Method of Evaluation: Linear Regression modeling.
How Linear Regression Modeling Works: Using current data, the linear regression model will predict state standardized test (CSAP/TCAP) Geometry scores based on several variables, such as previous test scores, demographic student information, as well as enrollment in particular Geometry courses (e.g., Geometry in Construction and traditional Geometry classes).
Results: These variables explain 66.3% of the variance of state standardized test (CSAP/TCAP) Geometry scores. Geometry in Construction at Loveland High School was a significant variable in the model, with a coefficient of 14, which means that on average, being enrolled in Geometry in Construction at Loveland High School added 14 points to a student’s state standardized test (CSAP/TCAP) Geometry score.
Why do we believe Geometry in Construction students outscore their peers?
On a recent trip we discovered an intriguing explanation to answer this very question. Simply stated, students in Geometry in Construction have fewer opportunities to “GPS” their way through the program.
On our last consulting trip we used a GPS unit we affectionately refer to as Maggie (Magelan). These smart devices are great for getting people from point A to point B. However, we found ourselves lost when Maggie malfunctioned mid-drive. We had simply followed the step-by-step directions Maggie provided without paying attention to where we were headed. We had done what thousands of people do daily and put all of our trust in the technology; this is very similar to how students use memorized formulas in many traditionally taught math classes. We could not back track or trouble shoot our route without some serious remediation; this is the very same thing that often happens when students attempt to solve unfamiliar math problems.
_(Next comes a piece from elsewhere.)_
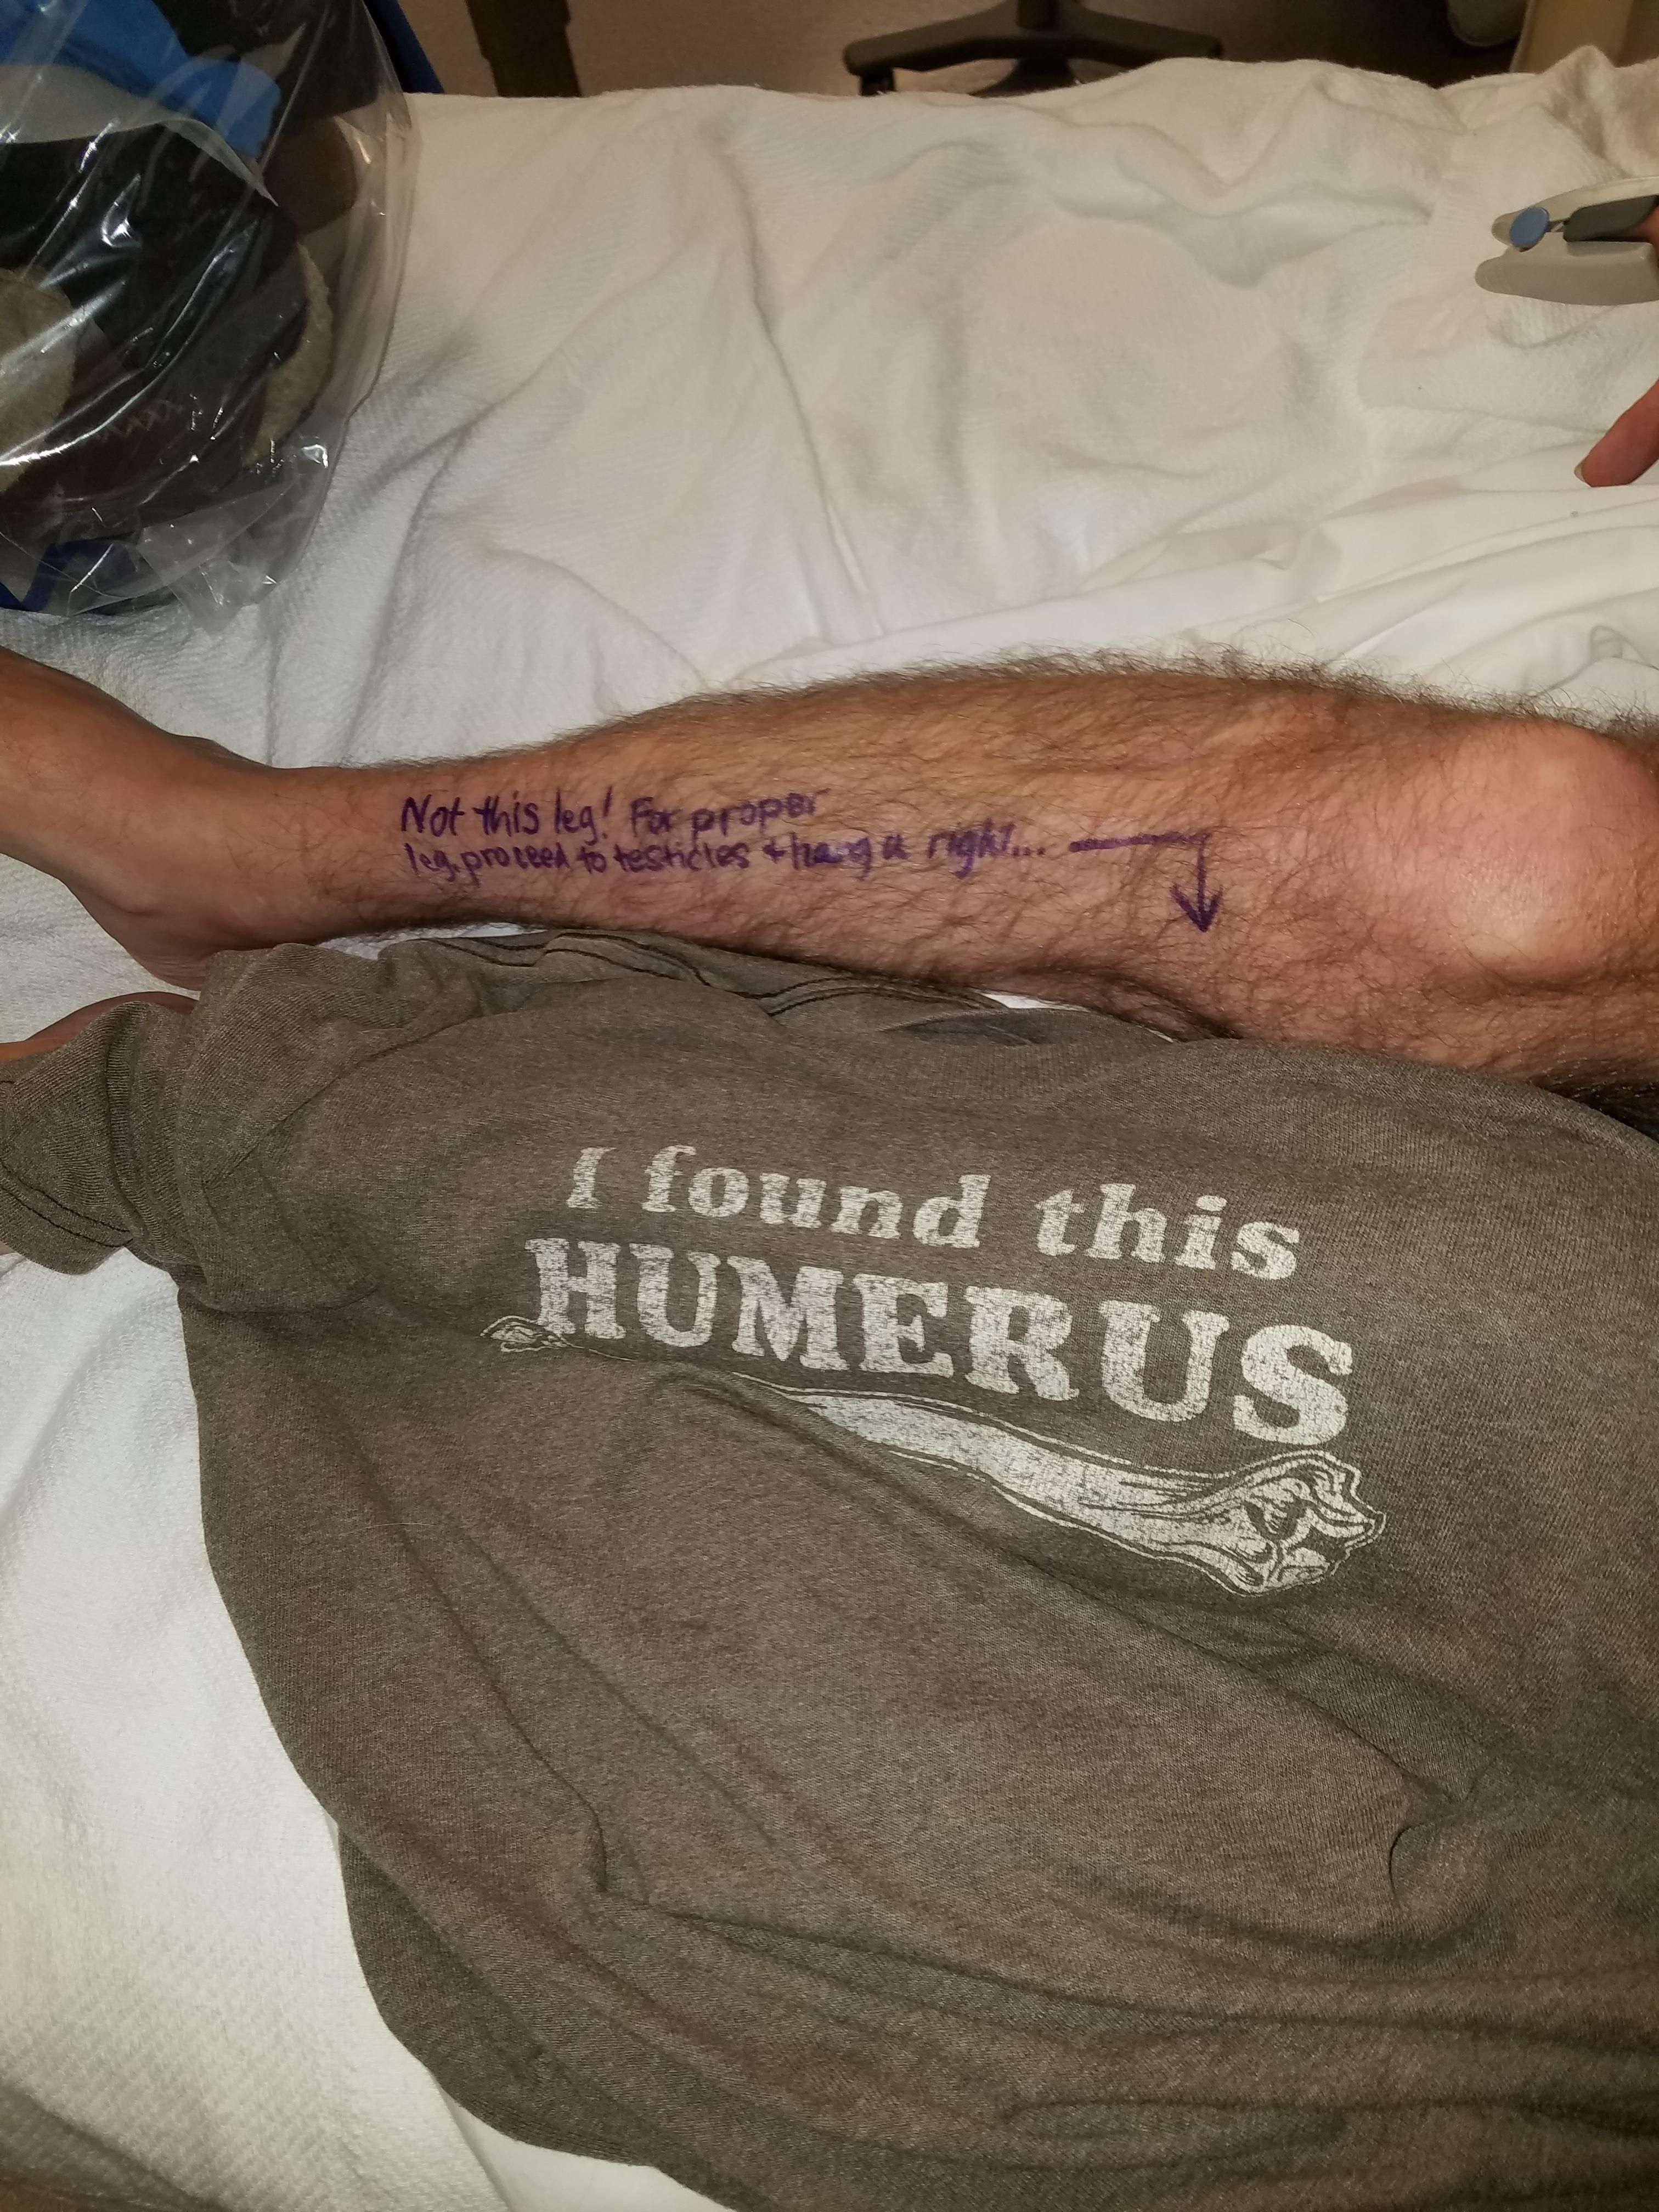 I'm having my left leg amputated today. I wore this shirt and wrote this on my leg for the surgeons. If I couldn't laugh about it...
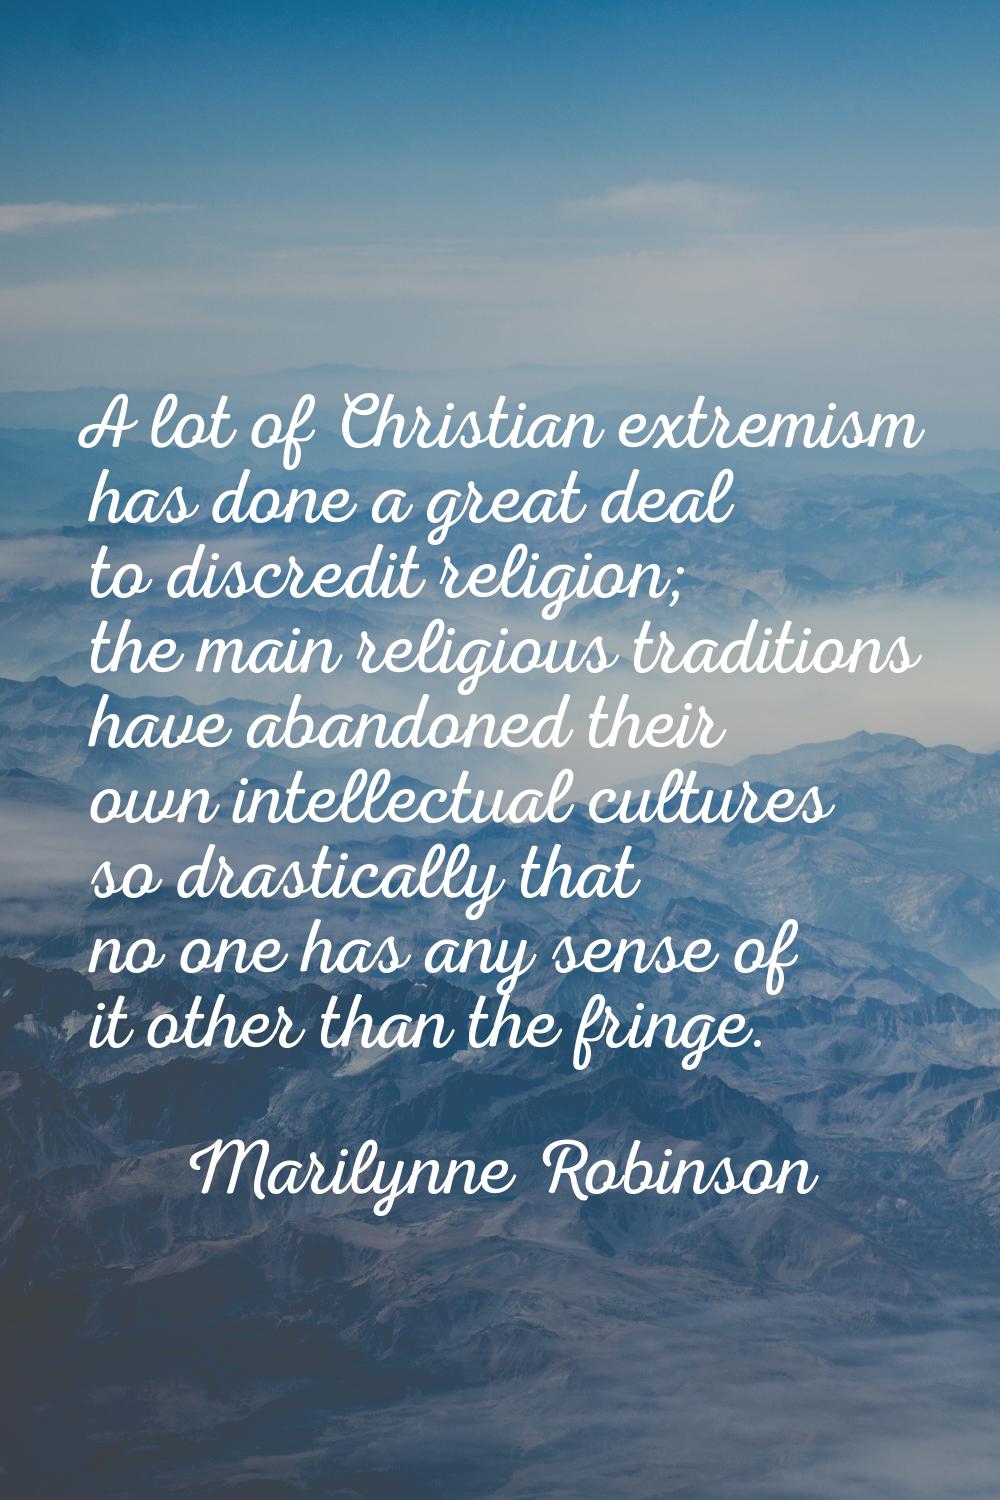 A lot of Christian extremism has done a great deal to discredit religion; the main religious tradit

In this case, our solution was to find a gas station and do exactly what the majority of men hate to do while in unfamiliar territory: ask for directions.
As math teachers, we are often times guilty of “GPS-ing” our students. We are really good at giving 5 steps to completing the square or 3 steps to solving the equation. Many of us have had successful careers by doing this. Have our students been as successful? Do our students have a solid understanding of the mathematics? Do they understand why they are doing “the steps”? Can they apply it to real world situations?